## Aim of the exercise
What appears from the first line of the records below through the line containing "Sorel Kids' Childrens" must be reproduced verbatim.

## Data excerpts
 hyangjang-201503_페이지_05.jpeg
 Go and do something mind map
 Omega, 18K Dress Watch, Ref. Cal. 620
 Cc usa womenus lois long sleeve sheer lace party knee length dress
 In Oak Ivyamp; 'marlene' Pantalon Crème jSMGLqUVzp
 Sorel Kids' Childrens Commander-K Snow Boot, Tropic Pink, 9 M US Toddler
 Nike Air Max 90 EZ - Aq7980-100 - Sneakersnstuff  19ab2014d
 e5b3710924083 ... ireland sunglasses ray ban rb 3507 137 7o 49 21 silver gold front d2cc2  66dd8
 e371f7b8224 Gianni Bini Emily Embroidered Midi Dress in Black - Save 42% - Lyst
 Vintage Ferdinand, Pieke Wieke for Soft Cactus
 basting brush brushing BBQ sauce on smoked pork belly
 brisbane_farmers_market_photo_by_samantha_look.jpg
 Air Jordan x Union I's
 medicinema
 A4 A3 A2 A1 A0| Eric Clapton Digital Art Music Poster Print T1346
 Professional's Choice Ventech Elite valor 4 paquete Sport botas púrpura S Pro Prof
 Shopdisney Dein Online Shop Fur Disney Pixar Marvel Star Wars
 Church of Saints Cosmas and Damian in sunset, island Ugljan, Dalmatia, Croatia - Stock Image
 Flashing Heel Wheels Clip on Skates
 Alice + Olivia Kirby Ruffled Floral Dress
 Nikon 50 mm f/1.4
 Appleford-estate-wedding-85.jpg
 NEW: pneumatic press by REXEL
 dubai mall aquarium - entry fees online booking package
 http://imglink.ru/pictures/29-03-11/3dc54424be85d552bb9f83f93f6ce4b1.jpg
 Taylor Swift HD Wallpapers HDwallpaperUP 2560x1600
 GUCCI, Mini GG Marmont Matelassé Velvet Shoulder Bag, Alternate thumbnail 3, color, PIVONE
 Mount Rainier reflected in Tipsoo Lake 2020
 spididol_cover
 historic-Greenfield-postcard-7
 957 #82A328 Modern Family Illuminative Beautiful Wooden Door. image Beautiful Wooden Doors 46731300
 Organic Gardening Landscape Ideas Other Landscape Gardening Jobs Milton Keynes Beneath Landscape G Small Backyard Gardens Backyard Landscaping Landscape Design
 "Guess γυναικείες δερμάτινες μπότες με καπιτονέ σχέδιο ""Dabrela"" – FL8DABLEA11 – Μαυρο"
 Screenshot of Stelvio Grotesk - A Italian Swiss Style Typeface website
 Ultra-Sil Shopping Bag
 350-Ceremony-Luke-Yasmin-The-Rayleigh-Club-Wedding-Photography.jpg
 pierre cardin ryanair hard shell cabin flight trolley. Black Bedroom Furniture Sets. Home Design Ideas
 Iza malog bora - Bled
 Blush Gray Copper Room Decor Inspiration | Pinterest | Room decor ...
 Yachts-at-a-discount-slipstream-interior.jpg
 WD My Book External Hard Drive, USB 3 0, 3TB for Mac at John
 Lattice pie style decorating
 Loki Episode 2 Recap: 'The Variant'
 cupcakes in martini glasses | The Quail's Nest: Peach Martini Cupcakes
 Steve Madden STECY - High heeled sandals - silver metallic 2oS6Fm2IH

## Answer to this problem
 hyangjang-201503_페이지_05.jpeg
 Go and do something mind map
 Omega, 18K Dress Watch, Ref. Cal. 620
 Cc usa womenus lois long sleeve sheer lace party knee length dress
 In Oak Ivyamp; 'marlene' Pantalon Crème jSMGLqUVzp
 Sorel Kids' Childrens Commander-K Snow Boot, Tropic Pink, 9 M US Toddler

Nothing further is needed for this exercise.